Additional thoughts: To make things easyer (access rights, searching across several tables) I would propose to only search within the filefields table.

Note: I'm not familiar with the D7 db schema and couldn't check right now, the idea came while working with D6 filefield.

Comments

yched’s picture

Component: field system » file.module

Re-categorizing

pjcdawkins’s picture

This would be useful for my purposes.

IMCE already has the option (under Common settings, at admin/config/media/imce) to replace existing files. I think it's based on the filename only. Only checking the filename would be crazy, it would produce far too many false positives (I can imagine multiple editors uploading different images all named logo_for_website.jpg).

I guess we could check the file hash (MD5, SHA-1, etc.) server-side after upload, and (seamlessly/transparently) just use the existing file if it's identical. We probably shouldn't attempt this at all for private files, but it sounds feasible for public managed files.

It sounds like we could only do it for file fields, not for IMCE etc, because IMCE can have directories reserved for particular users only.

There's already a File Hash module, which claims to save hashes for all managed files. I haven't tried it out.

By the way, the current FileField Sources module goes some way towards reducing duplicates, because it provides a UI for editors to choose existing files (although most can't be bothered in my experience, they just upload again, it's just as quick).

pjcdawkins’s picture

So, there is the existing FILE_EXISTS_REPLACE "replace behaviour" for <a href="http://api.drupal.org/api/drupal/core%21includes%21file.inc/function/file_save_upload/8">file_save_upload()</a> and file_destination(), which is an option alongside FILE_EXISTS_RENAME and FILE_EXISTS_ERROR.

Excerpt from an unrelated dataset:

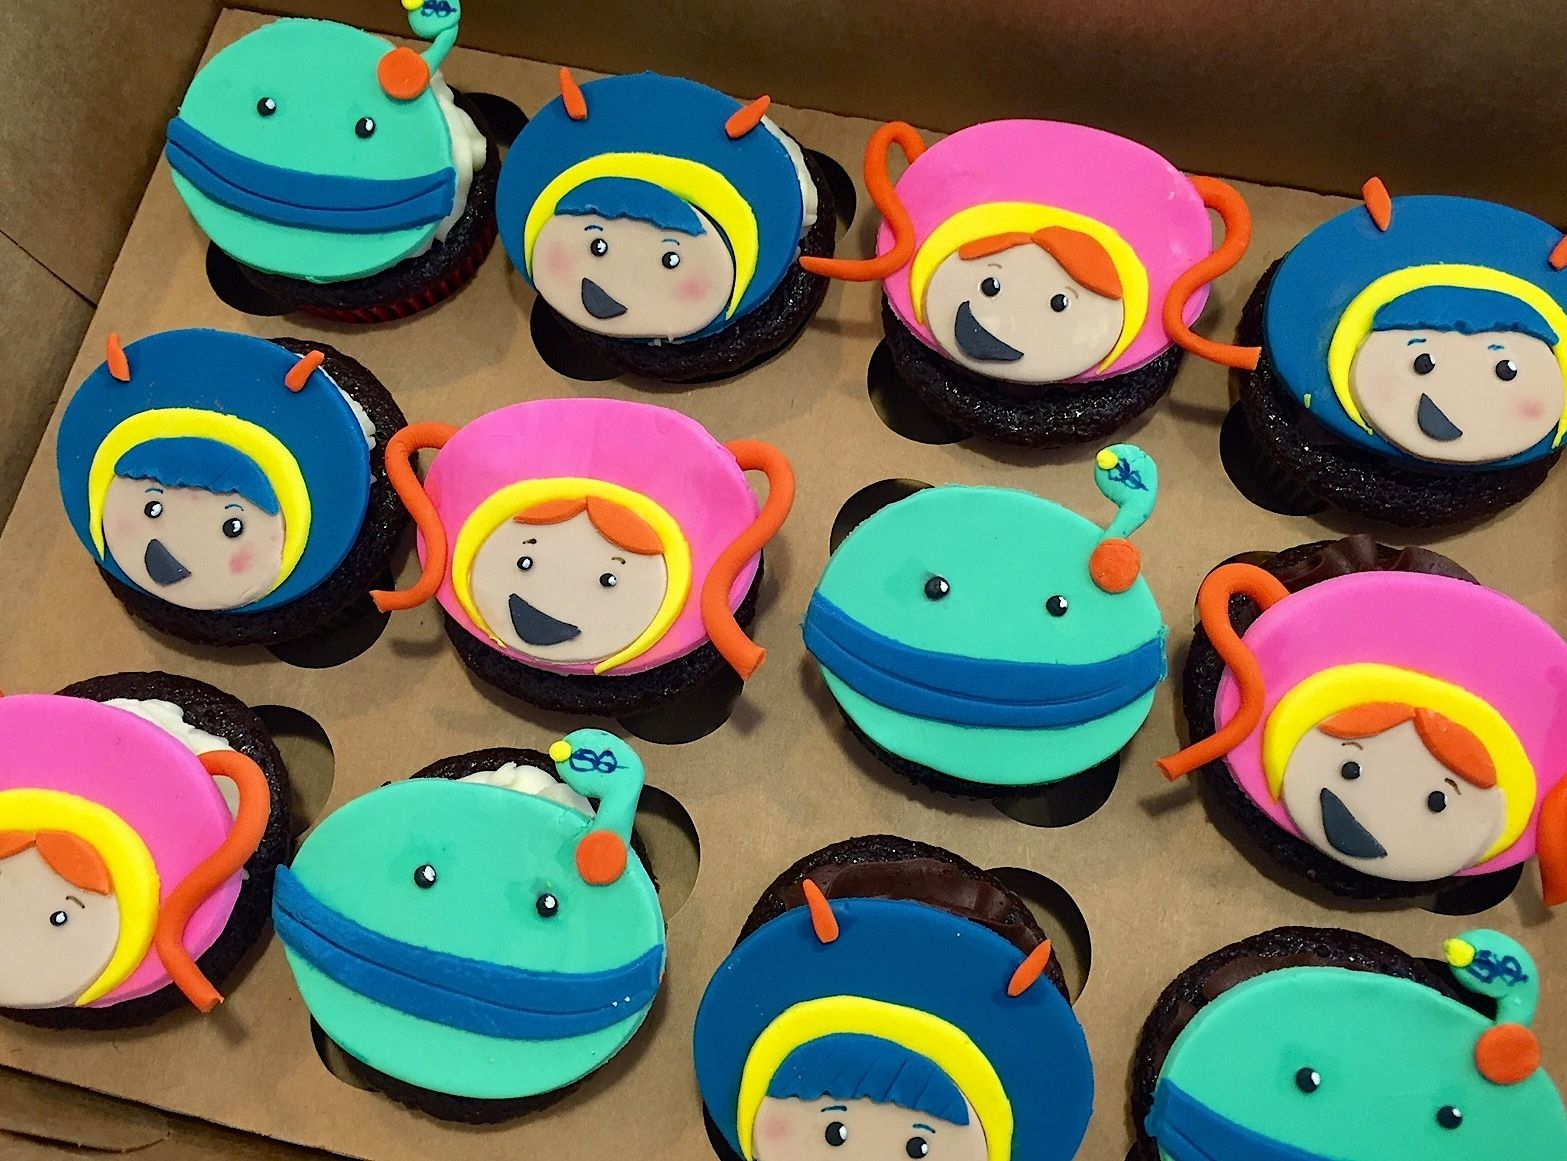 Amazing Nickjr Umizoomi Cupcakes Umizoomi Cupcakes Birthday Party Funny Birthday Cards Online Alyptdamsfinfo

The problem is, FILE_EXISTS_REPLACE checks only the file URI, which is a more or less useless way of checking whether a file already exists. As far as I can see, it even re-uses a file ID without checking whether the old entry points to a file with the same domain (public/private), or whether the current user has view/edit access to that file.

These seem to be the options:

  • add a big patch to file.inc, with a new replace behaviour constant (e.g. FILE_HASH_EXISTS_REPLACE), and perhaps rename FILE_EXISTS_REPLACE to FILE_URI_EXISTS_REPLACE for clarity.
  • add a small patch to file.inc introducing some new hooks, allowing this behaviour to be implemented in a contrib module.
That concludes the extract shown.